I can see the contents and it contains some of these folders and files as i am seeing it right now:

1. Autorun.inf
2. Desktop.ini
3. info.exe
4. A long list of "Protected.arabic" and like files
5. system 32 (dir)
6. windowsre (dir)

How can i restore the Factory image? After reading a lot of pages in different forums, i feel that it is possible to do a manual restore from this Recovery Partition. I think it will be possible using some bootable Disk and command prompt.

All sort of help is welcome.

before this post i had made a similar post using another account which has been banned for spamming. I dont know what was wrong with my earlier post. I think it was because of the links from my blog where i had uploaded the Screen Shots of the Dell Recovery Warning and the Hard Disk Partition Information.


----------



## Computerpete (Jul 28, 2010)

What you need to is this
To access the recovery partition on your Dell computer for recovery, follow the steps listed below.

1. Power on the computer
2. At the Dell logo, hold the Ctrl key and press the F11 key simultaneously.
2. The Dell PC Restore screen will come up.
3. Select Restore or use the Tab key to highlight it and press Enter.
4. if you wish to continue, click Confirm, or use the Tab key to highlight it and press Enter.
5. When the utility is finished, click Finish, or use the Tab key to highlight it and press Enter.

---
I am here: http://maps.google.com/maps?ll=53.542116,-2.646092
P. Glynn


----------



## LauraMJ (Mar 18, 2004)

flow21 said:


> before this post i had made a similar post using another account which has been banned for spamming. I dont know what was wrong with my earlier post. I think it was because of the links from my blog where i had uploaded the Screen Shots of the Dell Recovery Warning and the Hard Disk Partition Information.
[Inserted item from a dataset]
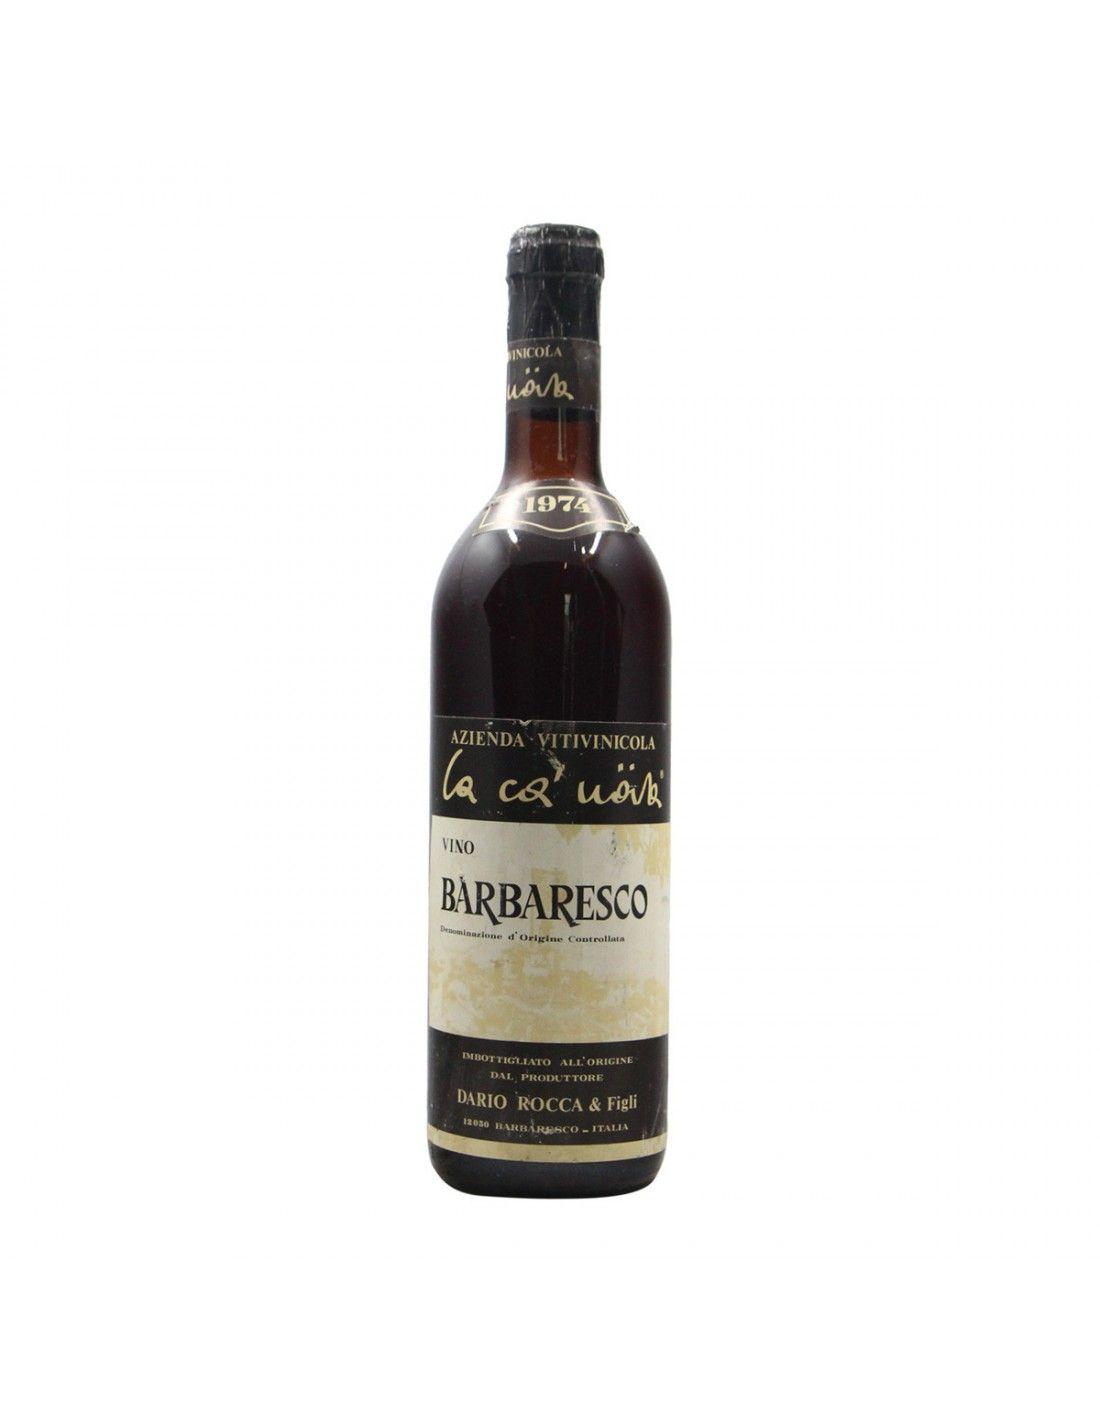 BARBARESCO 1974 DARIO ROCCA Grandi Bottiglie

I have already answered your email regarding your previous account. The proper procedure would have been to reply back to that email so we can review your previous account and make a decision regarding that account. As stated in the rules, duplicate accounts are prohibited, and that is especially true in situations where an account is under review. I am closing this thread and deleting this account. Please reply back to the email I sent you and we will sort out your first account.


----------